Please note that, in order to be able to provide services in virtual currencies and/or in CFDs relating to virtual currencies, the CIF must first receive the Commission’s permission, which is granted, at CySEC’s absolute discretion, in exceptional circumstances, as per Section 6(9)(b) of Law 144(I)/2007 (“the Law”). Following the granting of permission from CySEC, the CIF will be expected to demonstrate that the below requirements are, inter alia, met:

  1. CIFs must apply similar requirements to those provided in the Law (including all relevant circulars issued by CySEC regarding these issues and ESMA’s Q&A on CFDs), (including safeguarding of clients’ assets, compliance function and internal audit function), conduct of business rules (including marketing communication, appropriateness and best execution), record keeping and capital adequacy.
  2. the CIF must warn its clients, prior the offering of virtual currency related services, that:
    1. there is no specific EU regulatory framework governing the trading in such products;
    2. trading in such products is not covered by MiFID and therefore falls outside the scope of the CIFs’ MiFID regulated activities;
    3. a number of risks is associated with these products and these should be stipulated in a specific risk warning;
    4. such products are complex and high risk and as such come with a high risk of losing all the invested capital;
    5. virtual currencies values can widely fluctuate (high volatility) and may result in significant loss over a short period of time;
    6. virtual currencies are not appropriate for all investors and therefore, investors should not trade in such products if they don’t have the necessary knowledge and expertise in this specific product; they should always be fully aware and understand the specific characteristics and risks related to these products;
    7. trading in such products does not entitle the investors to any protection under the Investors Compensation Fund;
    8. they have no rights to report to the Cyprus Financial Ombudsman in case of a dispute with the firm.

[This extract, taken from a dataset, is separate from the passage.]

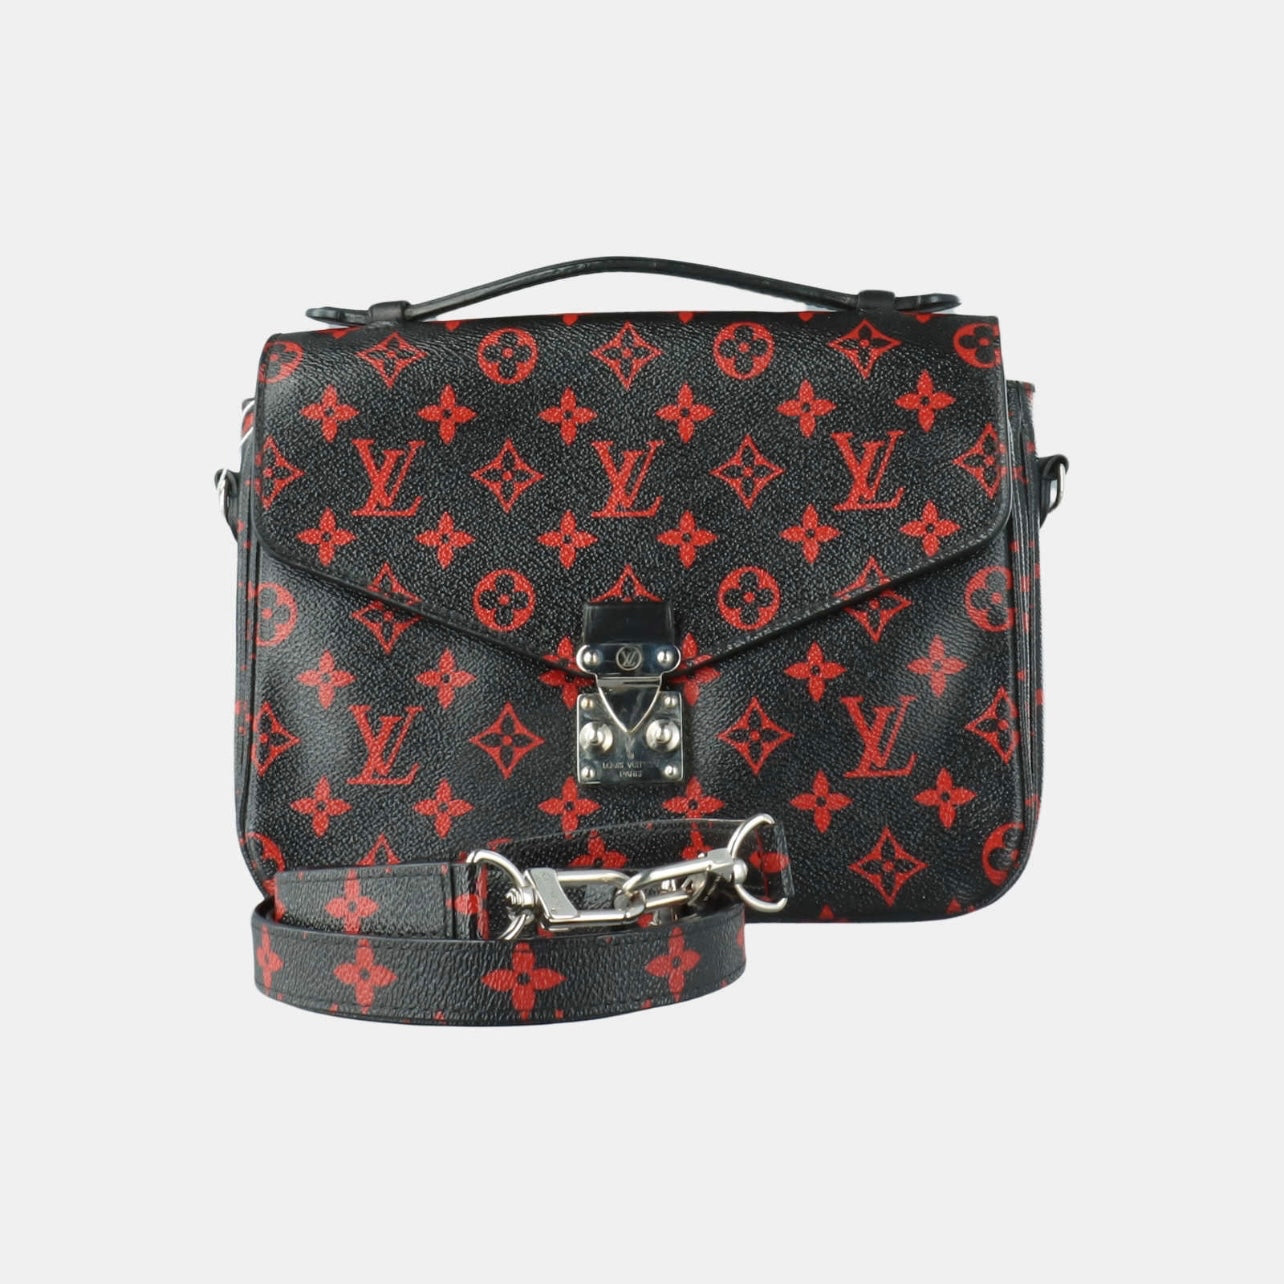 On-trend silhouette meets the iconic preloved Louis Vuitton monogram print  in this edgy Infrarouge rendition of the stylish Pochette Metis.…

  3. CIFs must ensure that all risk associated with this activity are identified, measured and properly recorded. CIFs must ensure that such risks are managed, monitored and eliminated.

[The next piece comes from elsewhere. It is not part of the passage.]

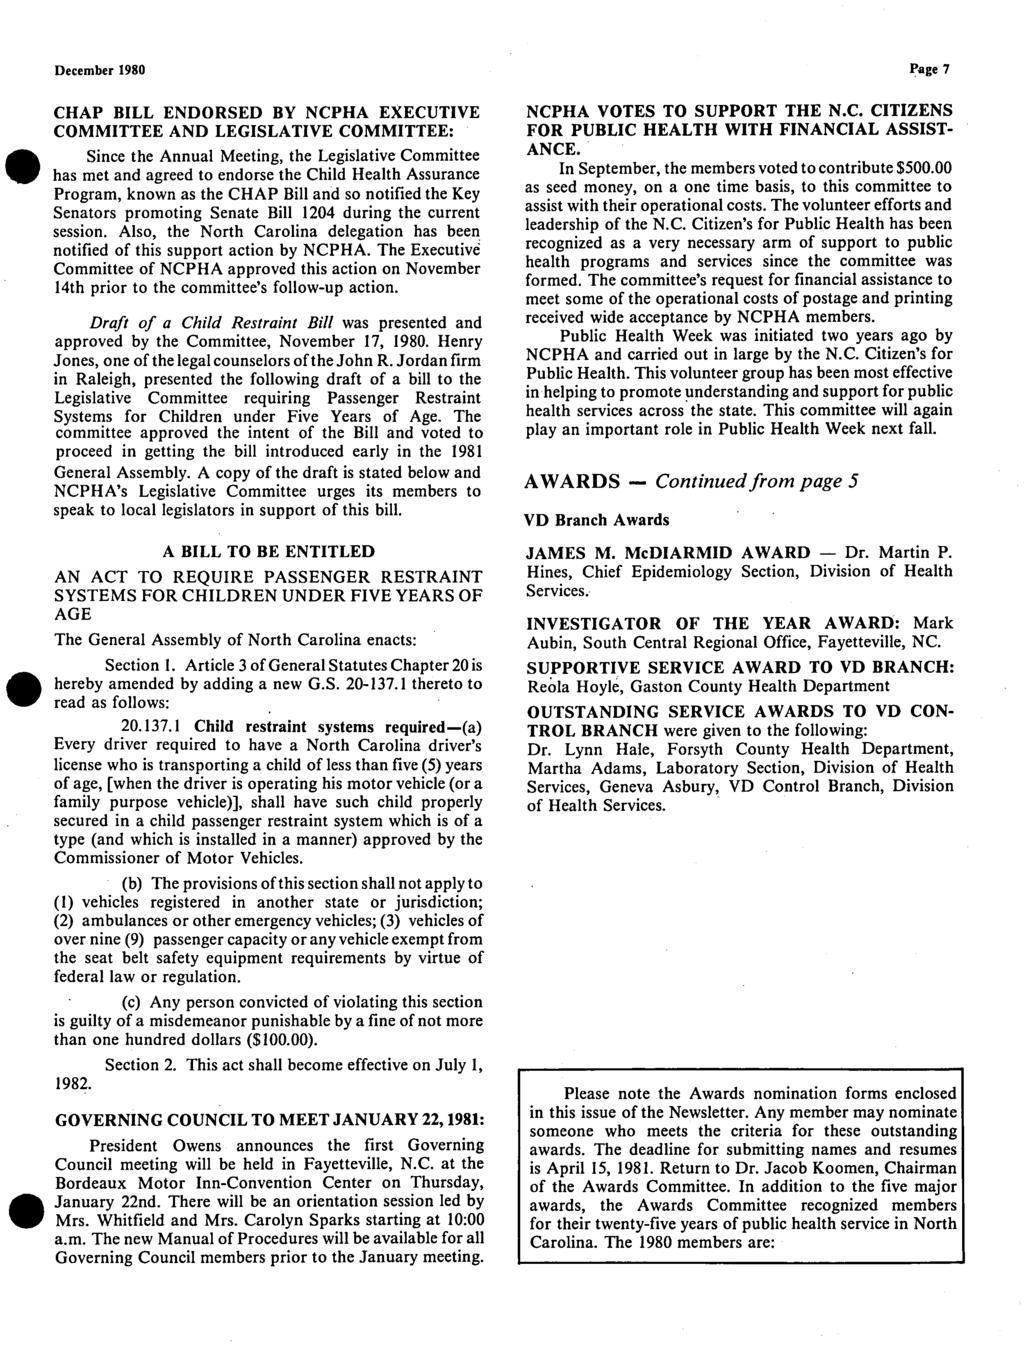 December 1980 Page 7 40 CHAP BILL ENDORSED BY NCPHA EXECUTIVE COMMITTEE AND LEGISLATIVE COMMITTEE: Since the Annual Meeting, the Legislative Committee has met and agreed to endorse the Child Health

  4. CIFs must only use feed providers (e.g. virtual currency exchanges, liquidity providers) that are licensed/regulated in the jurisdiction that are established.
  5. All feed providers/counterparties must undergo a relevant due diligence by the CIF. CIFs must ensure that their counterparties/feed providers agree to periodic and regular due diligence checks by the CIF.

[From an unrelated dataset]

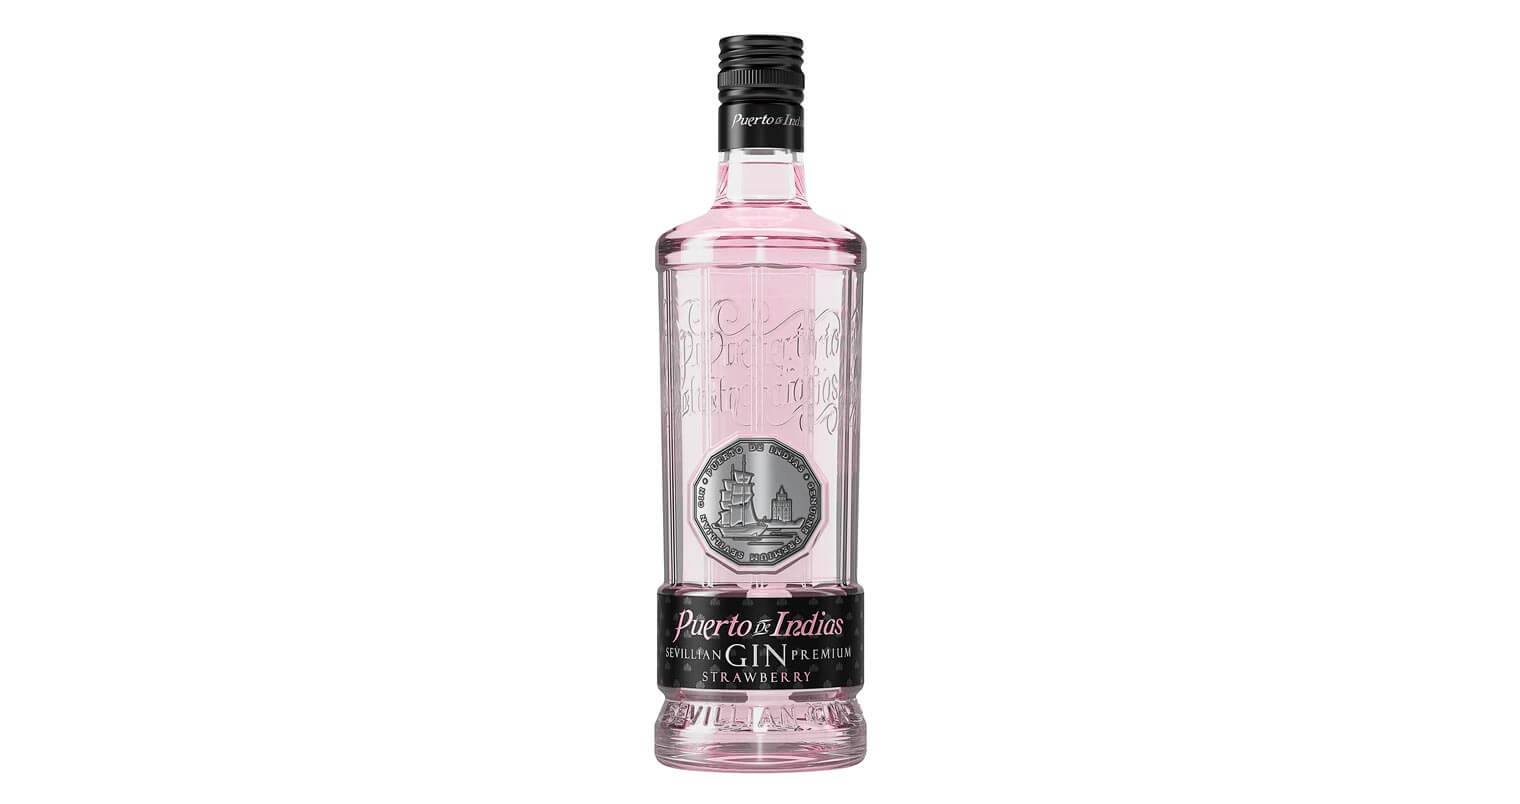 Puerto de Indias Strawberry Gin, bottle on white featured image

  6. CIFs should use more than one feed provider and should cross-check with other feed providers in order to ensure that best execution principles are followed. Where only a single feed provider is used, CIFs must be able to determine and record how their best execution obligations are held.
  7. CIFs must clearly disclose to the public the methodology used to calculate the bid and ask prices.
  8. For all retail clients the leverage limit should be set 5:1 for trading on CFDs relating to virtual currencies.
  9. The turnover from the provision of this service must not exceed 15% of the total turnover of the CIF per quarter.
  10. CIFs are not permitted to exercise passporting rights afforded by the Law when offering such services in European Union or third countries. CIFs and their board of directors are personally responsible to assess the individual country status, their obligations and responsibilities in relation to such service and consult their legal consultants; by taking the appropriate legal advice, in advance, with regard to the applicable legal status of virtual currency activities applicable in the country concerned and whether specific authorisation is required.

 

CySEC’s expects that: Any CIF intending to provide services on virtual currencies and / or on CFDs relating to virtual currencies, must comply with the provisions of the Law disclosed above.